Jim Klimov
2024-May-07 11:47 UTC
[Nut-upsdev] Question about "HB" flag and a "battery.charge.high" name
Hello all, During discussion at https://github.com/networkupstools/nut/pull/2430#discussion_r1592317940 I found that while `nut-names.txt` documents the `battery.charge.low` as the "Remaining battery level when UPS switches to LB (percent)", there is no counterpart as `battery.charge.high`. First I thought one could be just added... but for that matter, what could one logically mean - an overcharge (as in, "possibly harmful to the chemistry of the cells")? Or an euphemism(*) for being "well charged" (maybe not 100% if the device hovers at some 85%-95% to extend battery life)? (*) Recent work in usbhid-ups dealt with optional "OL+DISCHRG" warning throttling for known-hovering devices using a custom option; if the "euphemism" above is ratified - it could be a more systemic setting for that concept and behavior.
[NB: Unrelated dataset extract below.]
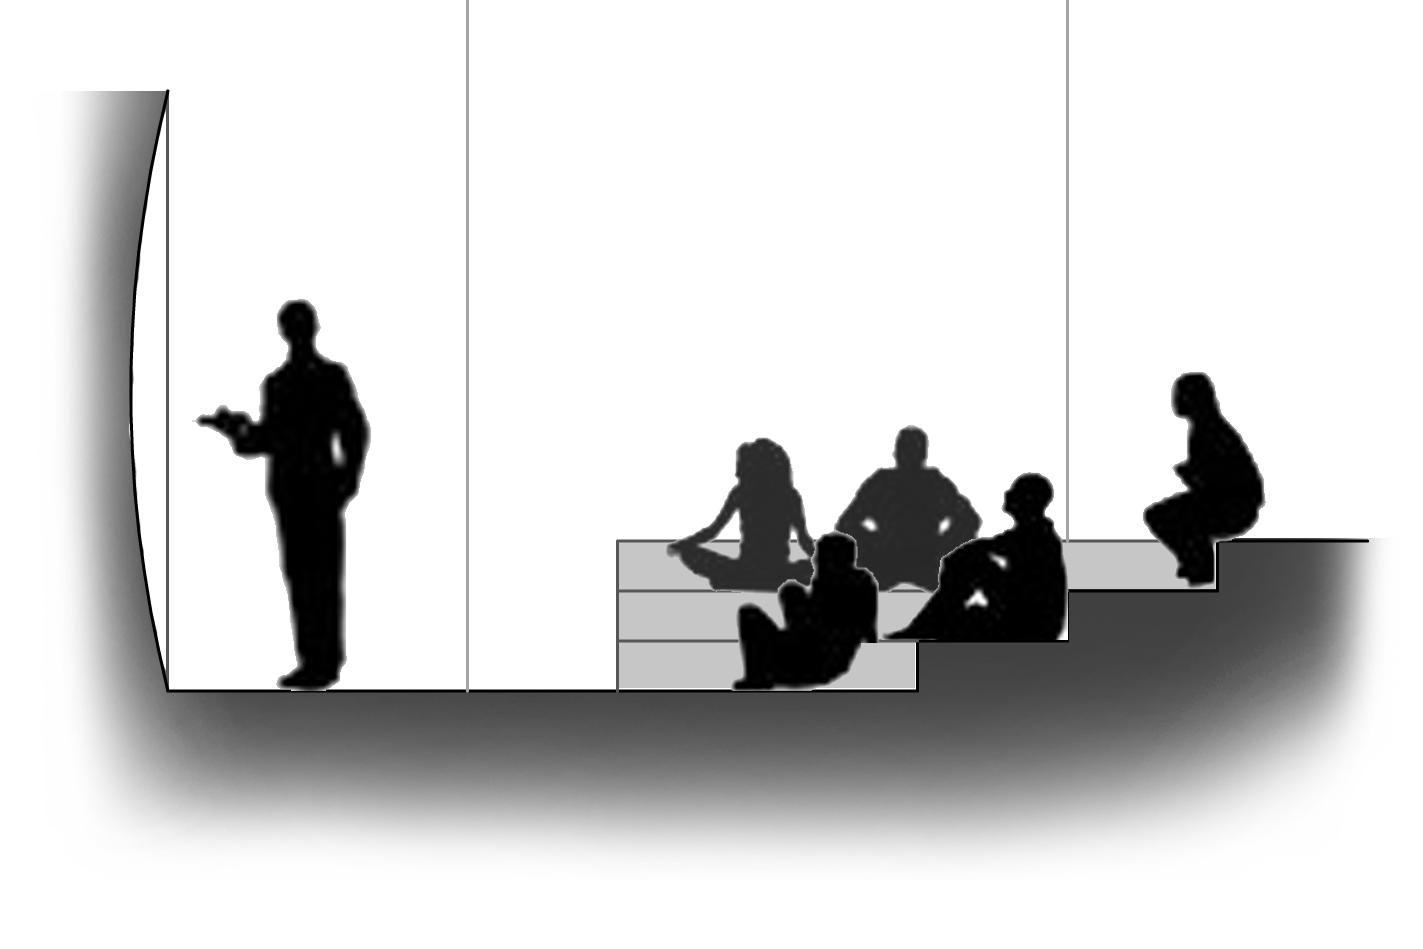 Student Center - Presentation & Study Areas -SUNY Purchase, NY
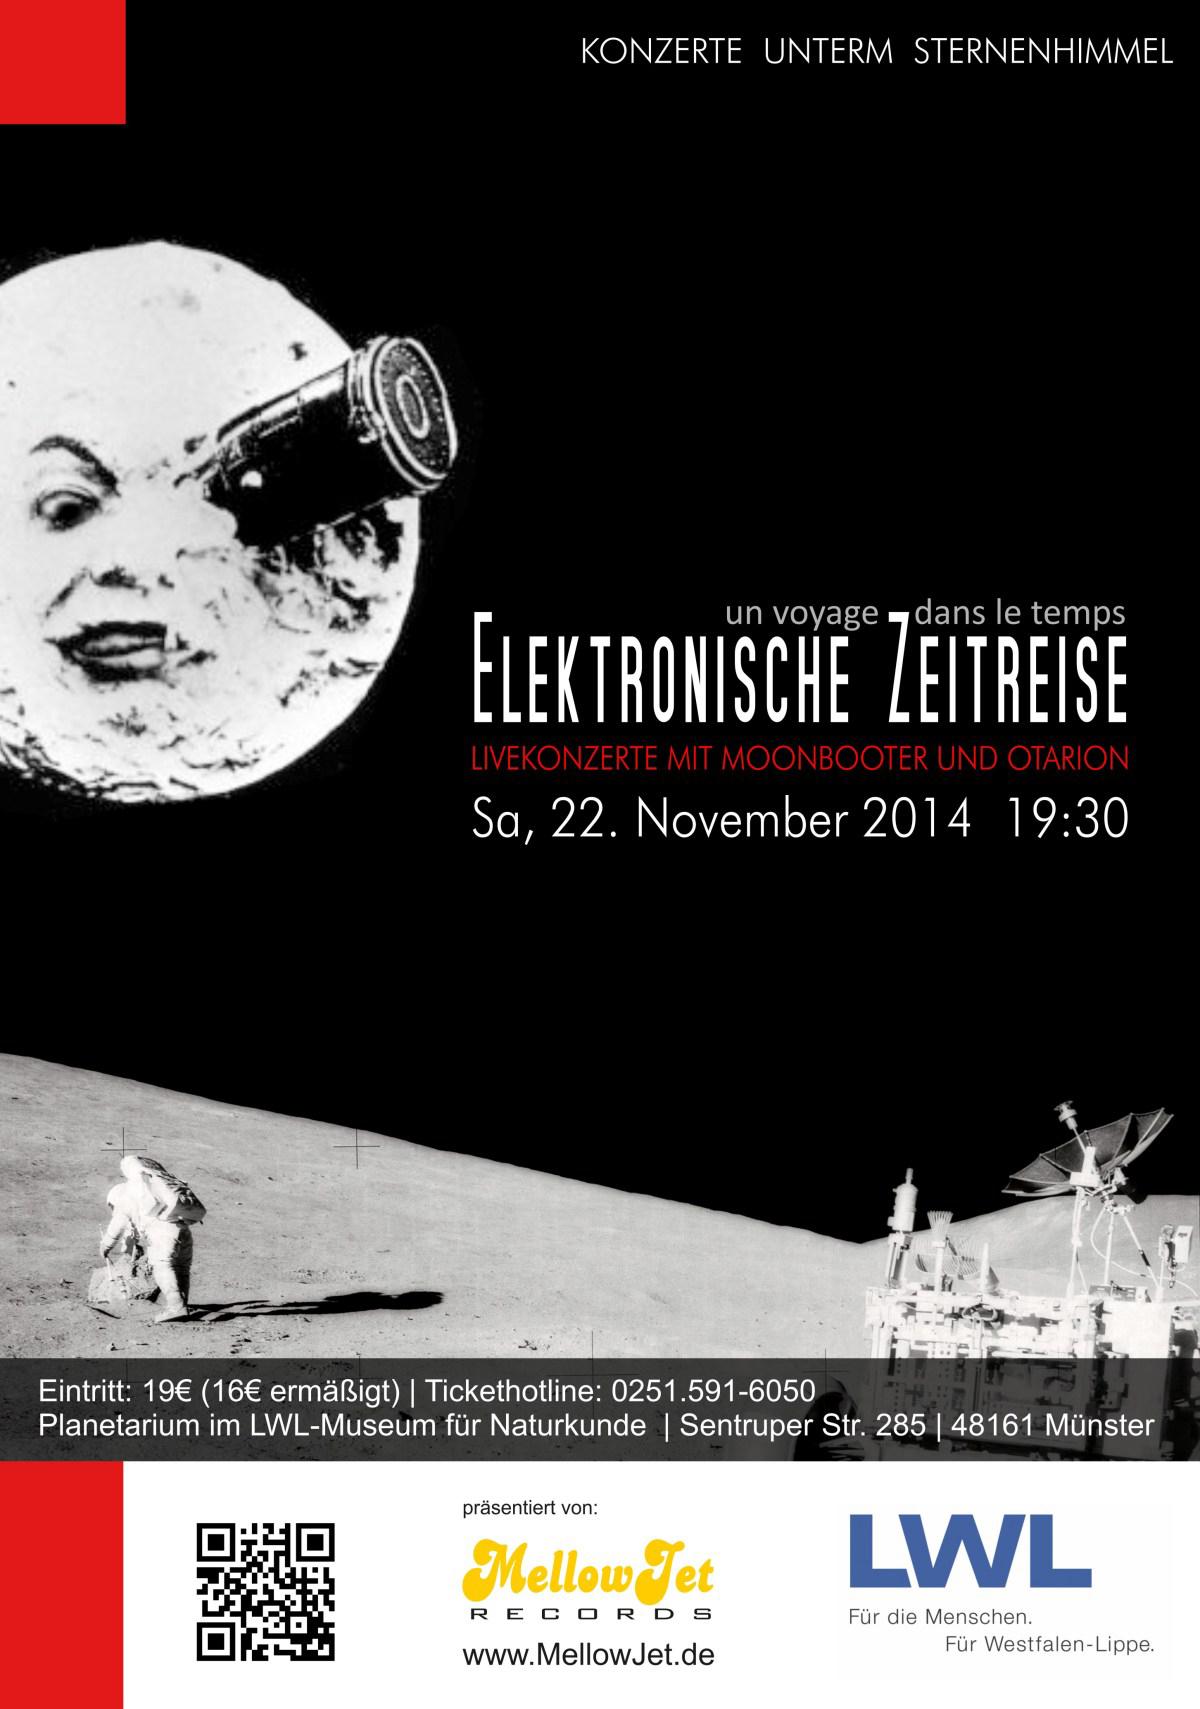 Bilddatei: 2014 Planetarium Münster 2 moonbooter Otarion V2.jpg

In the same discussion, there is a mention of the "HB" flag (apparently "High battery" per e.g. docs/new-drivers.txt), but there are too few hits in the code base to make up an opinion about its physical meaning. Does anyone here remember the history or intent behind it? Thanks in advance, Jim Klimov -------------- next part -------------- An HTML attachment was scrubbed... URL: <http://alioth-lists.debian.net/pipermail/nut-upsdev/attachments/20240507/725bc21a/attachment.htm>
Greg Troxel
2024-May-07 12:46 UTC
[Nut-upsdev] Question about "HB" flag and a "battery.charge.high" name
Jim Klimov via Nut-upsdev <nut-upsdev at alioth-lists.debian.net> writes:> During discussion at > https://github.com/networkupstools/nut/pull/2430#discussion_r1592317940 I > found that while `nut-names.txt` documents the `battery.charge.low` as the > "Remaining battery level when UPS switches to LB (percent)", there is no > counterpart as `battery.charge.high`. First I thought one could be just > added... but for that matter, what could one logically mean - an overcharge > (as in, "possibly harmful to the chemistry of the cells")? Or an > euphemism(*) for being "well charged" (maybe not 100% if the device hovers > at some 85%-95% to extend battery life)?I don't think we should use .high, unless a significant number of units/protoocls issue a "battery charge is high" state with a consistent meaning. So no. If this is about having variables with thresholds that control devices or cause synthetic setting of some variable (like turning on LB if charge% is < battery.charge.low), then it makes sense. If there is no such 'binary sensor' to use HA language, then it doesn't make sense. I personally have set up a threshold sensor in HA, intended to be >= 27.2 is ok, <=26.4 is alarm so that it goes into alarm at 26.4 and recovers at 27.2. The point is to switch to alarm state when the UPS transfers to battery and not return until the battery is recharged and it has been stable, to reduce falsing. But I don't think this concept exists within nut.> In the same discussion, there is a mention of the "HB" flag (apparently > "High battery" per e.g. docs/new-drivers.txt), but there are too few hits > in the code base to make up an opinion about its physical meaning. Does > anyone here remember the history or intent behind it?I do not, but "battery voltage is unreasonably high" is a reasonable concept. I would say that > 14V for a 12V system is probably fair, although it really needs to be temperature compensated. That's an alert for charging system failure, though. I would not call it HB, though because that makes it sound parallel to LB, which is about believed remaining capacity, not detection of overcharging failure. It is not parallel. the long name is charging system failure - overcharging and I am reluctant to abbreviate it.